In 2008 and 2009, FDA inspected Apotex Inc.’s Etobicoke and Signet manufacturing facilities in Ontario, Canada, in response to complaints about Apotex drugs. The inspections revealed significant deviations from current good manufacturing practice. In August 2009, FDA placed the two facilities on Import Alert, signaling to FDA district offices that drugs offered for import from those facilities were deemed to be adulterated and could be detained at the border without physical examination. The facilities were removed from the Import Alert in 2011.

In February 2012, Apotex Holdings Inc. and Apotex Inc. initiated arbitration against the United States. Apotex claimed that the Import Alert violated the United States’ obligations under NAFTA Chapter Eleven to accord Apotex and its U.S. investments national and most-favored-nation treatment. Apotex also claimed that the United States adopted the Import Alert without due process, in violation of the customary international law minimum standard of treatment.

The tribunal, by a majority, concluded that Apotex was barred from relitigating the issue of whether Apotex Inc.’s “abbreviated new drug applications” constituted “investments” in the United States for purposes of NAFTA Chapter Eleven, given a previous tribunal’s determination of that issue. The tribunal thus concluded that it lacked jurisdiction to decide some of Apotex’s claims.

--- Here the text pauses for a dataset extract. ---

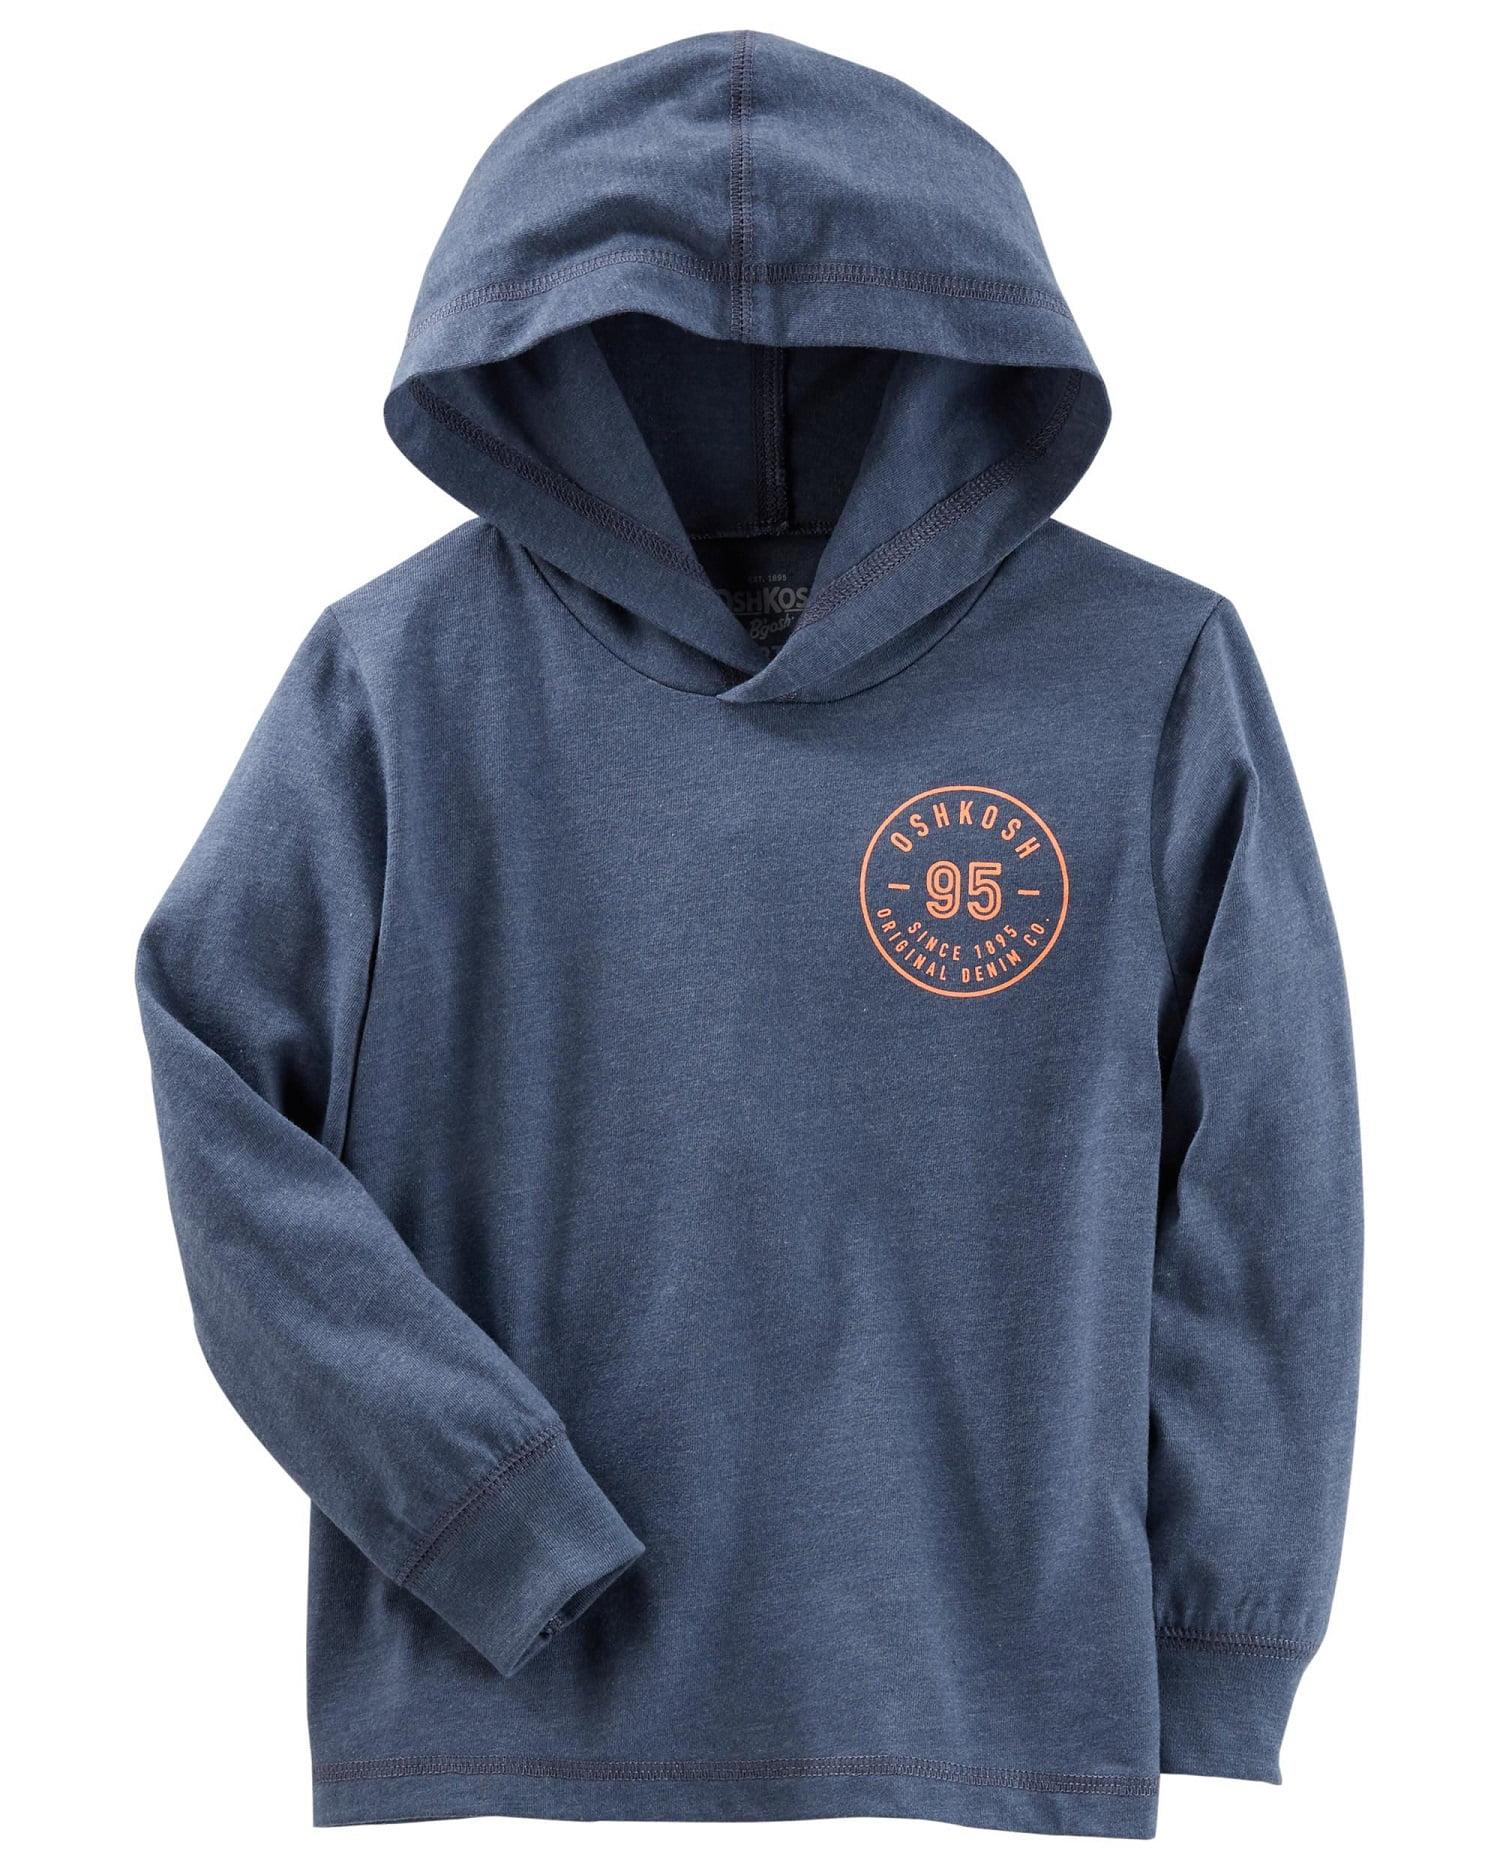 OshKosh B'gosh Little Boys' Logo Pullover, Blue, 4-5 Kids

On the merits, the tribunal unanimously concluded that the Import Alert was a lawful and appropriate exercise of FDA’s regulatory authority. FDA’s issuance of the Import Alert, therefore, did not violate the United States’ obligations under NAFTA Chapter Eleven.

The tribunal ordered Apotex to reimburse 100 percent of the United States’ legal costs and to pay 75 percent of the costs of arbitration.

The tribunal’s award is an important recognition of the NAFTA Parties’ authority to take nondiscriminatory enforcement action to protect public health.

The tribunal members are John R. Crook, J. William Rowley, and V.V. Veeder (presiding).

The State Department will post the award at http://www.state.gov/s/l/c50826.htm following redaction of any confidential or otherwise protected information. Public versions of the parties’ submissions, hearing transcripts, and other arbitration documents also are available at that address.